‘Rescue Task Force’ Helps First Responders Save Lives
February 6, 2020 by Amy Patterson

In response to a mass shooting, a few seconds can make the difference between life and death for victims.

In response to a mass shooting, a few seconds can make the difference between life and death for victims.

That is why, with help from over $4,000 in State of Ohio Emergency Medical Services grant money and donations from University Hospitals EMS Institute, the Chardon Fire Department has trained and equipped a rescue task force to respond to such situations.

Chardon EMS Cpt. John Blauch said after high profile shootings in Newtown, Conn., and Aurora, Colo., in 2012, doctors and trauma specialists realized the civilians trapped inside could have saved lives lost with training on how to “stop the bleed” from gunshot wounds.

Blauch said in the past, teaching civilians how to apply tourniquets was considered taboo, but the Stop the Bleed program was put together under the Obama administration to educate the public in emergency response techniques.

“If those people had had basic training on tourniquets and how to stop the bleed, many of those people would probably have survived if they had had bleeding control within a few minutes,” Blauch said.

Chardon Fire Department is working closely with the Chardon Police Department and the Geauga County Sheriff’s Office to integrate this national program and train civilians in emergency Stop the Bleed techniques, he said.

Blauch teaches emergency medical technician courses at Auburn Career Center in addition to his duties on the squad. He said with the new gear, a team could enter a “warm zone” once police have neutralized the shooting suspect and — under police escort — tend to critical patients with specialized bandages, tourniquets and blood-clotting chemicals to prevent bleed-out deaths.

“You don’t have weapons, so you’re betting on the police people protecting you, but overall, it’s safe enough,” Blauch said. “The goal is (to carry) just enough supplies — you’re not doing CPR, advanced airways, you’re just going from one patient to another addressing critical bleeds and making sure their airway is open.”

In a mass casualty situation, Blauch said his team would also do a preliminary triage, using color-coded tape to indicate which patients are critical, which need transportation to a hospital and which have already died.

Each bag purchased with the grants and donation money has four to six tourniquets, chest seals, chest needle decompression needles, basic airway devices, Israeli combat dressings, quikclot hemostatic gauze, tape, markers, colored triage tape and a removal stretcher/tarp.

Chardon Fire Department also purchased nine helmets and 12 Kevlar bullet-resistant vests to allow Chardon EMS personnel to go in with armed police officers to treat injured victims.

At a multi-day rescue task force training held Jan. 24-26, local fire and EMS squads were trained by experts Jon Porter and Willie Haines, who have military combat medic experience in Afghanistan and Iraq. Another trainer, Tom Hummel III, is a tactical EMS medic with the Berea Fire Department, as well as the Chardon Fire Department.
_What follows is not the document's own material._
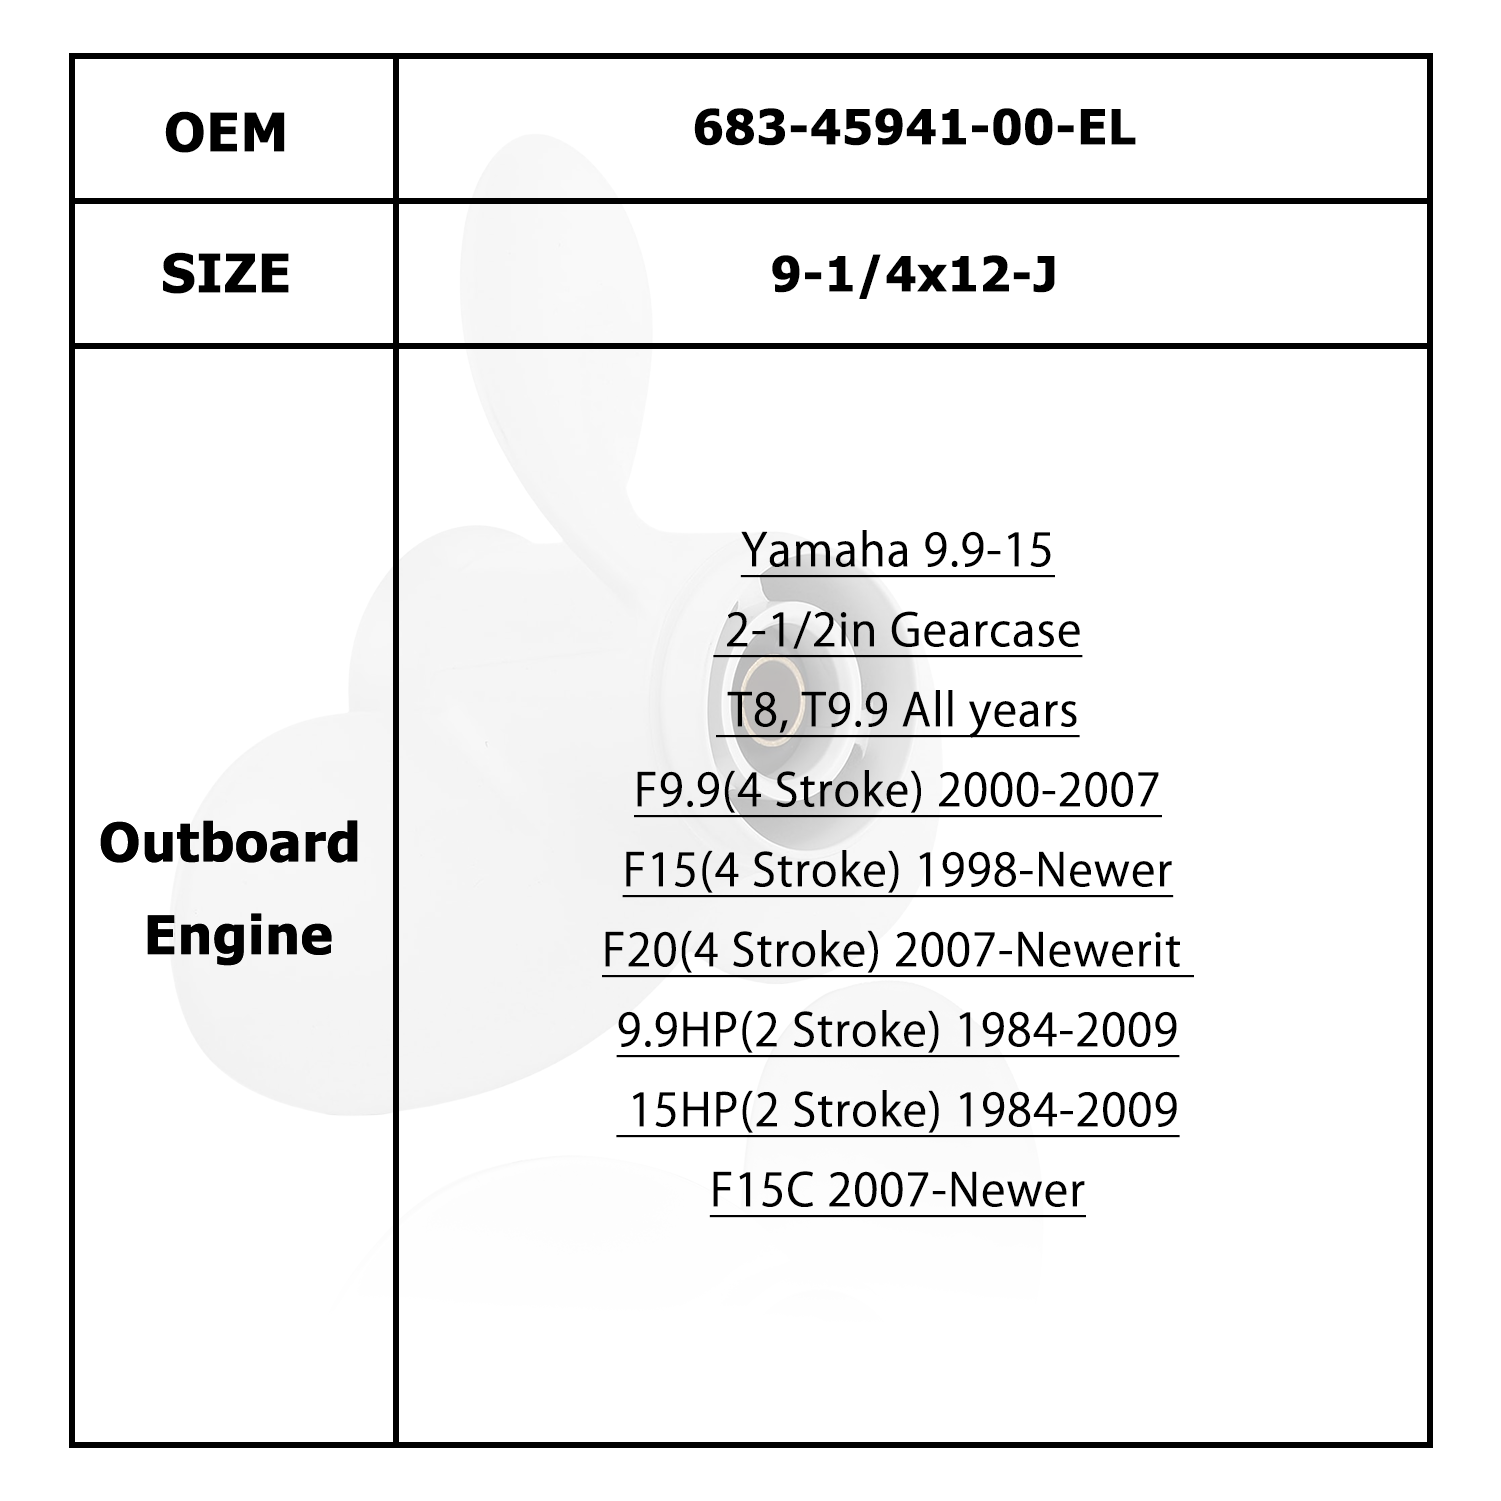 Boat Motor Propeller for YAMAHA/HIDEA 9.9-15HP 63V-45941-00-EL 63V-45943-10-EL 63V-45945-10-EL 63V-45947-00-EL 63V-45952-10-EL 683-45941-00-EL 683-45943-00-EL 683-45945-00 683-45947-00 683-45952-00-EL

Chardon firefighter and medic Jason Gladwell — also a Parma firefighter — joined the training team. Blauch said Gladwell is a national instructor in rescue task force procedures and travels the nation teaching police, FBI, secret service and EMS agencies how to implement the model.

Blauch said Gladwell combined protocols from area rescue task force programs to help Chardon Fire Department create the first formal protocol in Geauga County.

“I think we’re one of the first in at least Geauga to have a formal, standard operating guideline that defines what RTF is, how it’s supposed to function, what we respond with, what the incident commander is supposed to do. It’s pretty formal and a lot of the departments don’t have that.”

Chardon Fire Department is making their plan available to other departments to use and change as needed, since their procedures are not a one-size-fits-all approach.

Fire personnel attended from Munson, Concord, Burton, Montville, Hambden, Thompson, Concord and Kirtland, joining police officers from Perry and Thompson, and Geauga County departments, as well as Geauga County Sheriff’s Office deputies.

Blauch said Chardon Police Chief Scott Niehus and Geauga County Sheriff Scott Hildenbrand are on board with the rescue task force program and Chardon Fire Department will be putting together a mass casualty/active shooter drill in the next few months. The drill will take place at a Chardon school building on an off day or a weekend.

The teams will be confronted with fake victims in makeup and settings simulating a shooting or mass casualty, Blauch said, allowing the task force team go in and respond like they would in a real-life situation.

He said these trainings are important for first responders.

“Our last drill was about one year before the shooting in Chardon (High School),” Blauch said. “You talk to any of our folks, or police or sheriff folks, that was invaluable because it was almost identical.”

People might not want to hear that another situation like the 2012 shooting, which left three students dead, could happen in their community, he said.

“Lightning sometimes does strike twice and we don’t want that to happen, (but) it could be at Walmart, it could be anywhere,” Blauch said. “It’s not just a school shooting anymore.”